Nightwrite

Nightwrite is a made-up word about making things up.

It’s a tiny dose of creativity
each day
before bed.

The idea is to take a brief moment
as the day draws to a close
to let your mind wander
and make room for the smallest expression
of something that doesn’t yet exist.

Maybe it’s a rhythmic line of poetry
an incomplete lyric
opening scene
or snippet of dialogue.

Write a few sentences. Maybe doodle or sketch.
No need to polish. No need to title the novel where this will one day appear.

Each night, that moment belongs to you.

And what you do next does, too.

You might take these small creations and
post them for the world to see
or throw them out
or tuck them in a safe place.

Maybe you’ll fill the front of your fridge or text them to that friend who so enjoys this part of you.

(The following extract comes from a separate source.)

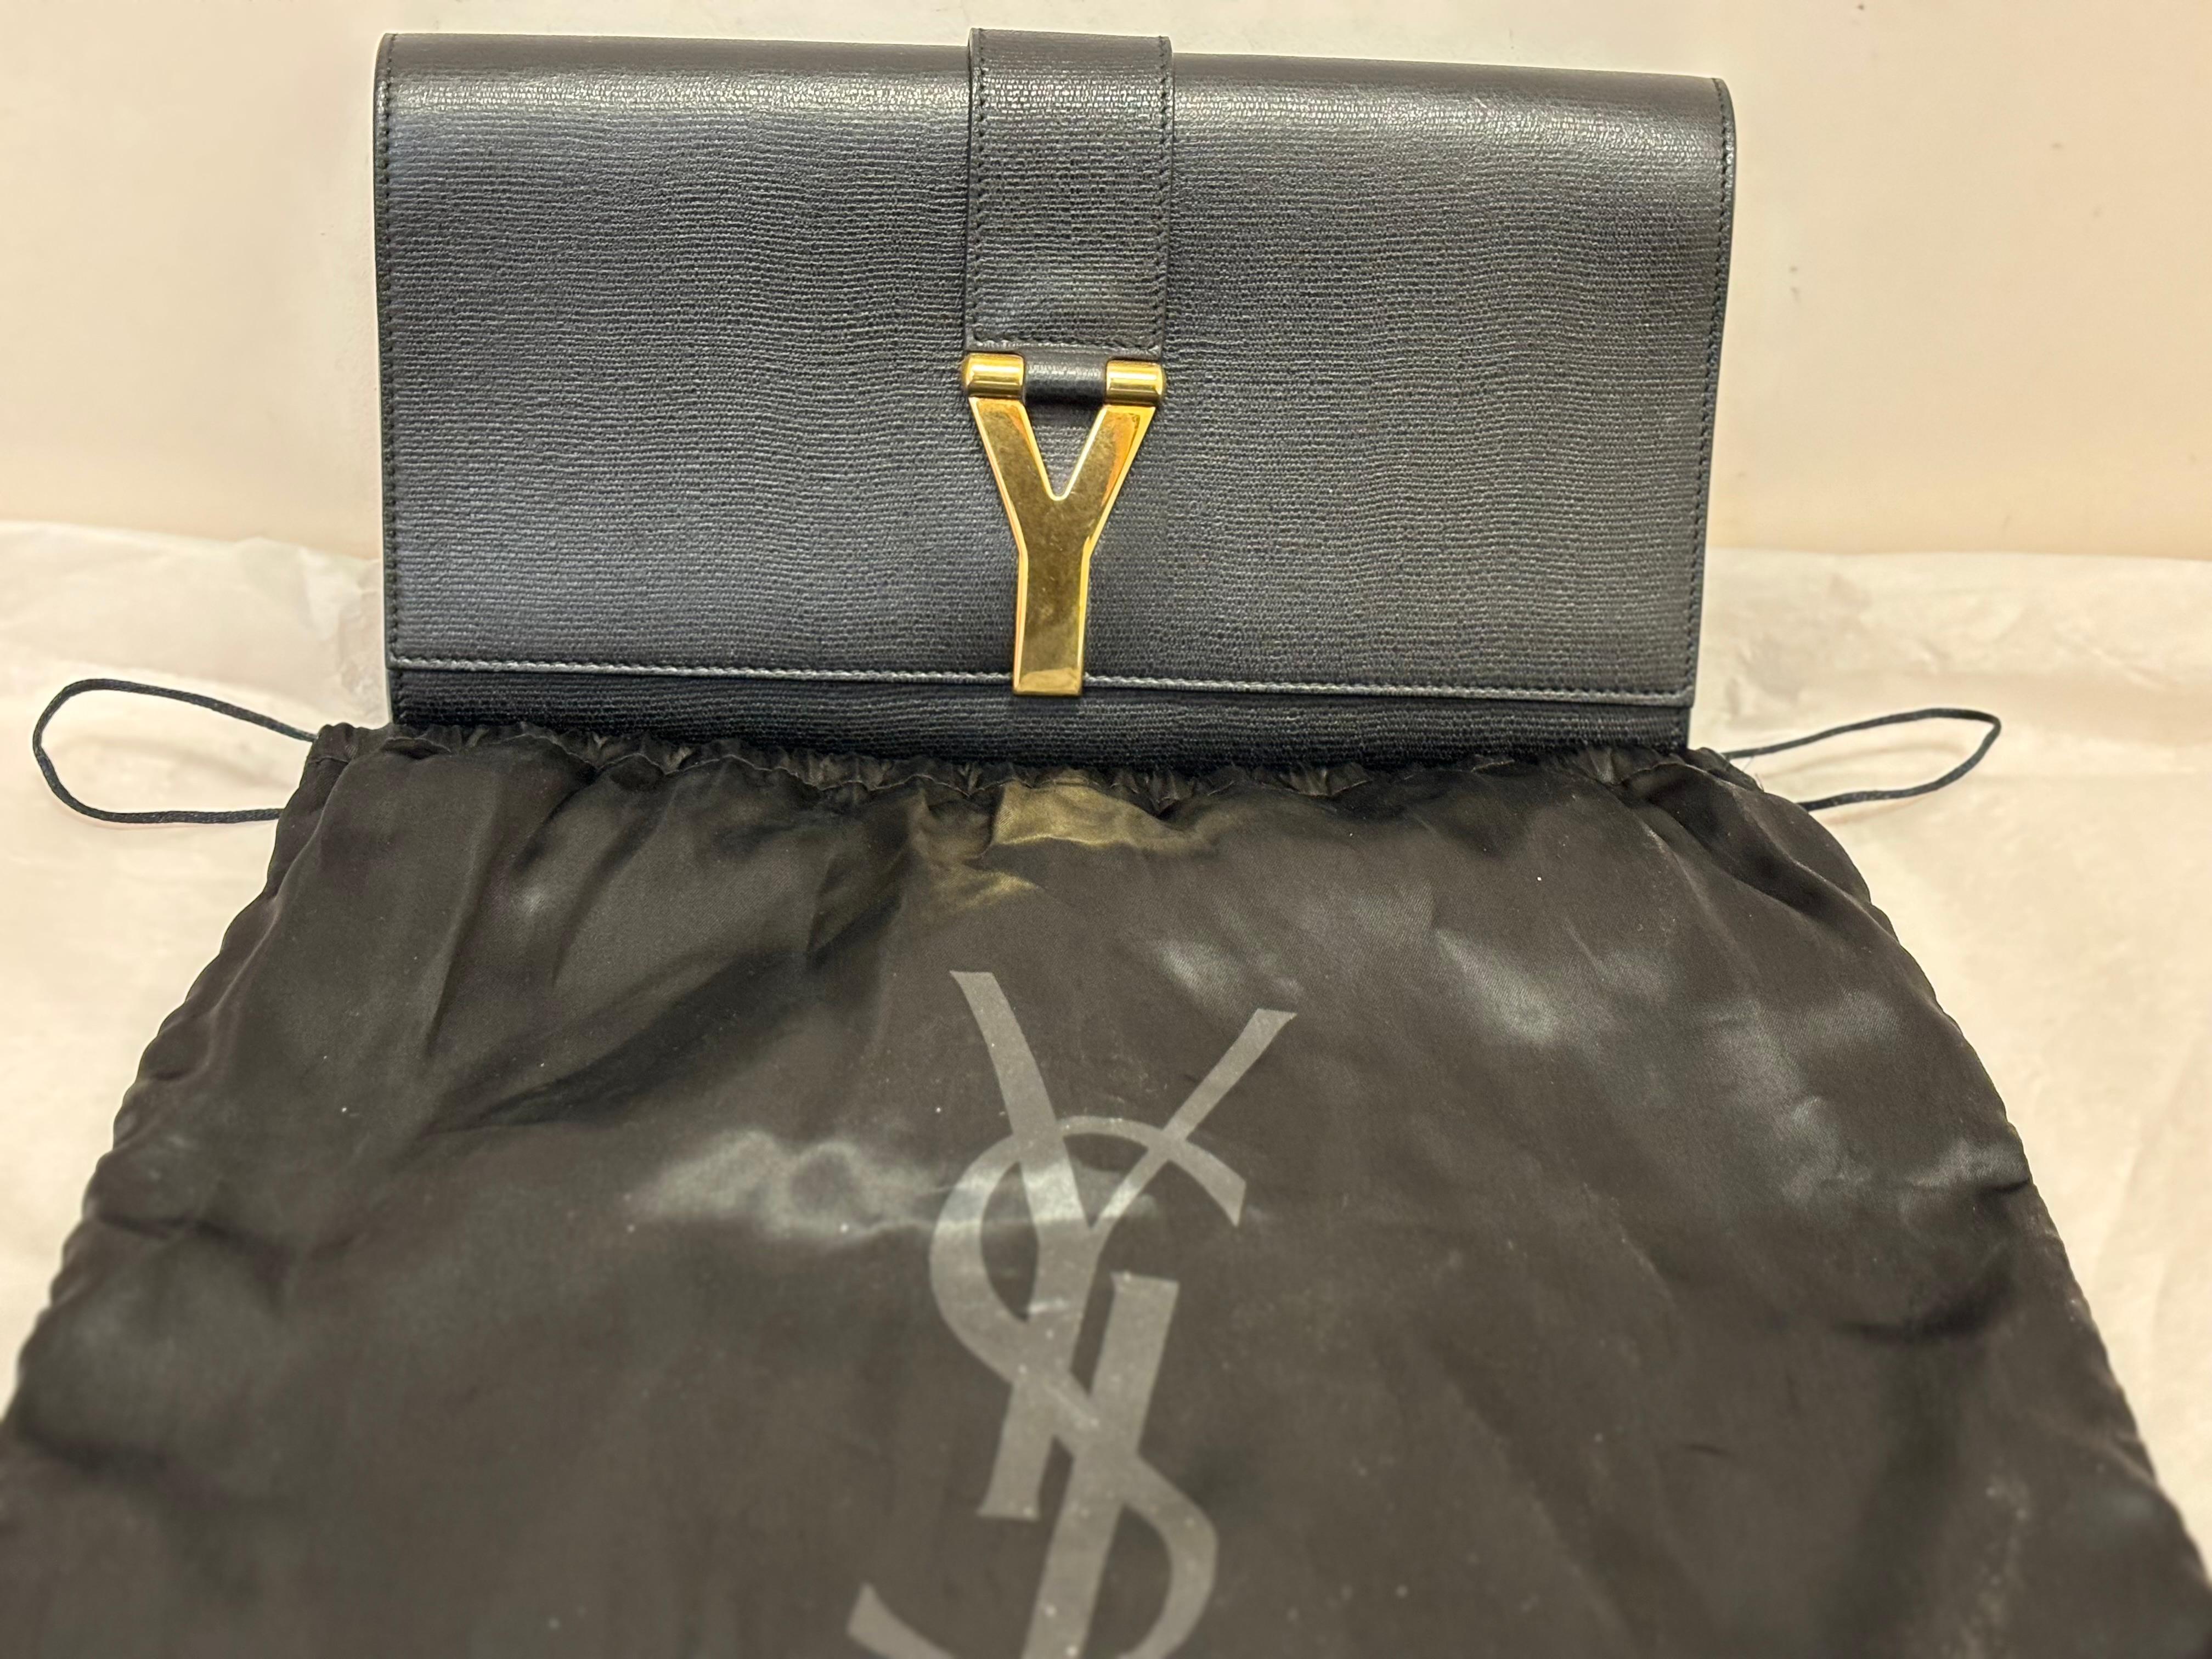 Typical YSL bag, simple lines and muted sophistication. This YSL Y Ligne clutch was designed by Tom Ford and is made of textured leather.
This clutch has a front magnetic flap, featuring a gold-tone Y, the interior is satin lined with a patch

It's tempting to see creativity as a means to an end, a way to check a box or accomplish a goal.

“What are you working on?”

“What is it for?”

But, sometimes the purpose isn't a product. It's to find a way to say what you couldn’t say any other way.

Sometimes, it’s just for
you.

“It came without ribbons.
It came without tags.
It came without packages, boxes or bags.”

Creativity remixes people and ideas and moments with our truest selves. The result is something unique and valuable, regardless of whether others see it as mundane or magical.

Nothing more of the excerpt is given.